# [What to do]
Repeat only the lines below from the one containing "MAIS FOTOS, Excursão" through the one containing "operators,sectional garage door,manor", inclusive, exactly as written.

# [Records for processing]
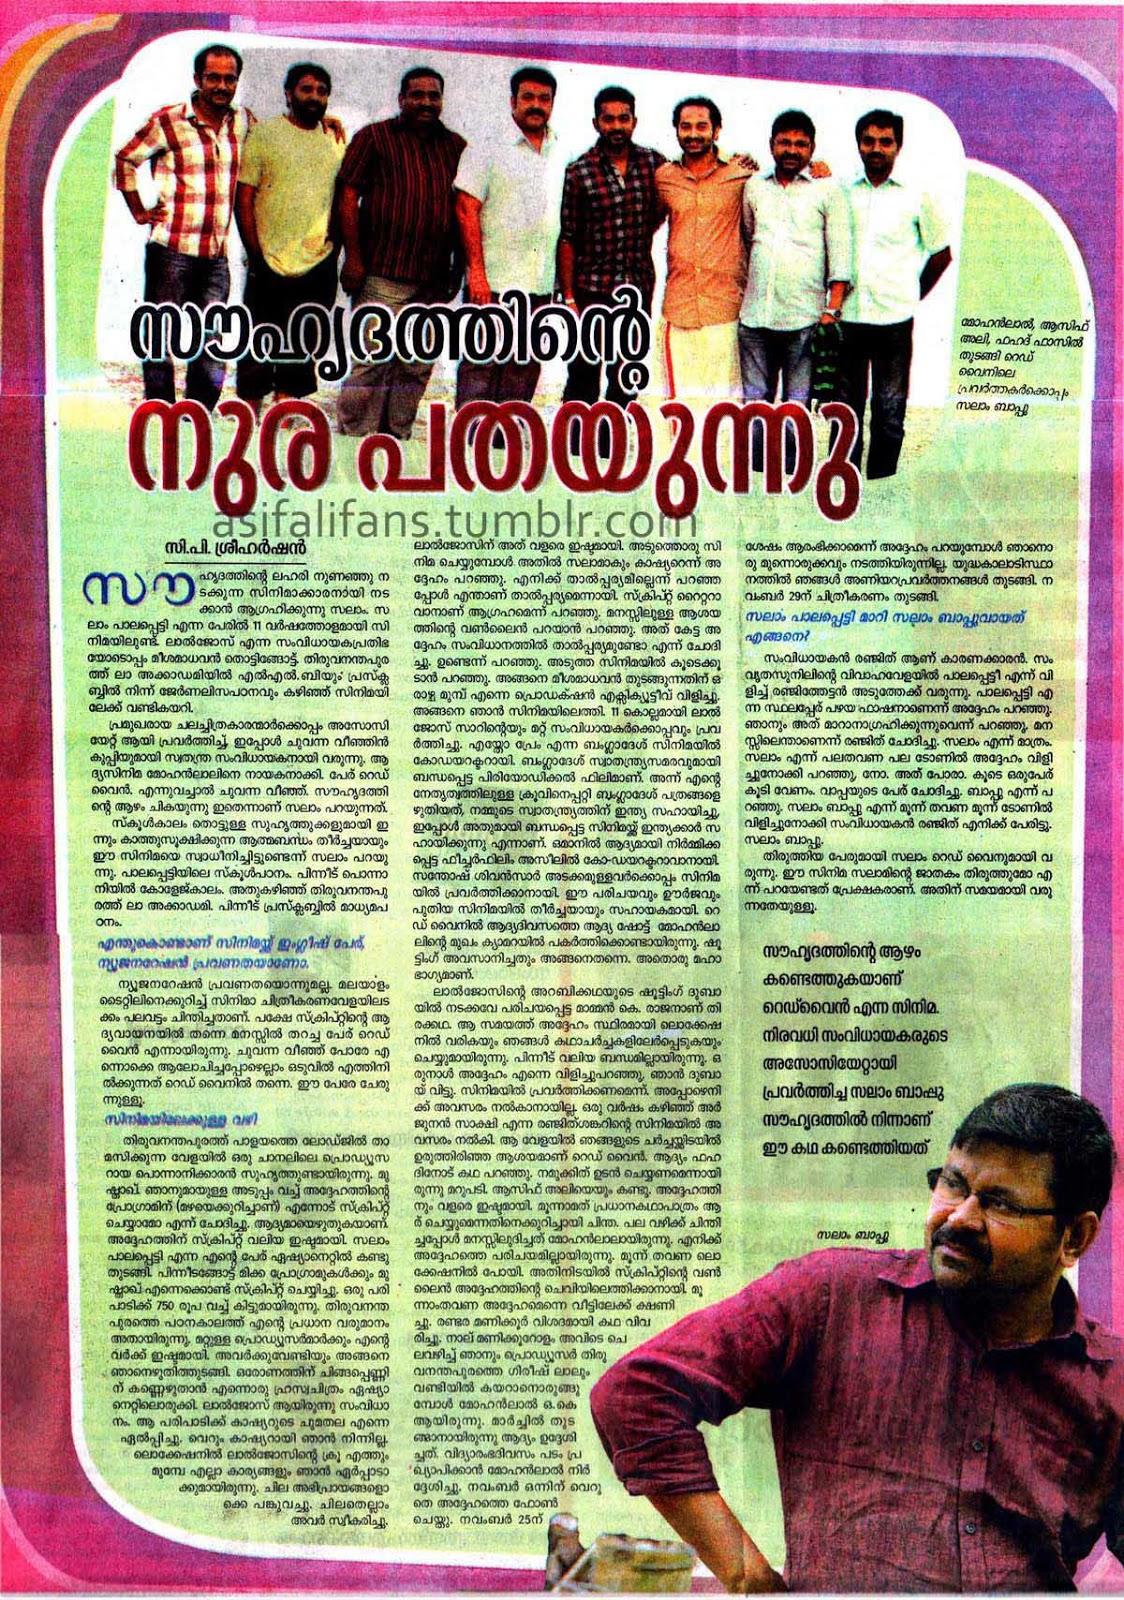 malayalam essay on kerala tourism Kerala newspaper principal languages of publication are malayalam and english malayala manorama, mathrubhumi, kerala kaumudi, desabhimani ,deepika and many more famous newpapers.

* * *

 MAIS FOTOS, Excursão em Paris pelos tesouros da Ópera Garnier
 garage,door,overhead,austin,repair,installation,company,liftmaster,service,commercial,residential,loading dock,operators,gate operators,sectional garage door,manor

# [Solution for this exercise]
 MAIS FOTOS, Excursão em Paris pelos tesouros da Ópera Garnier
 garage,door,overhead,austin,repair,installation,company,liftmaster,service,commercial,residential,loading dock,operators,gate operators,sectional garage door,manor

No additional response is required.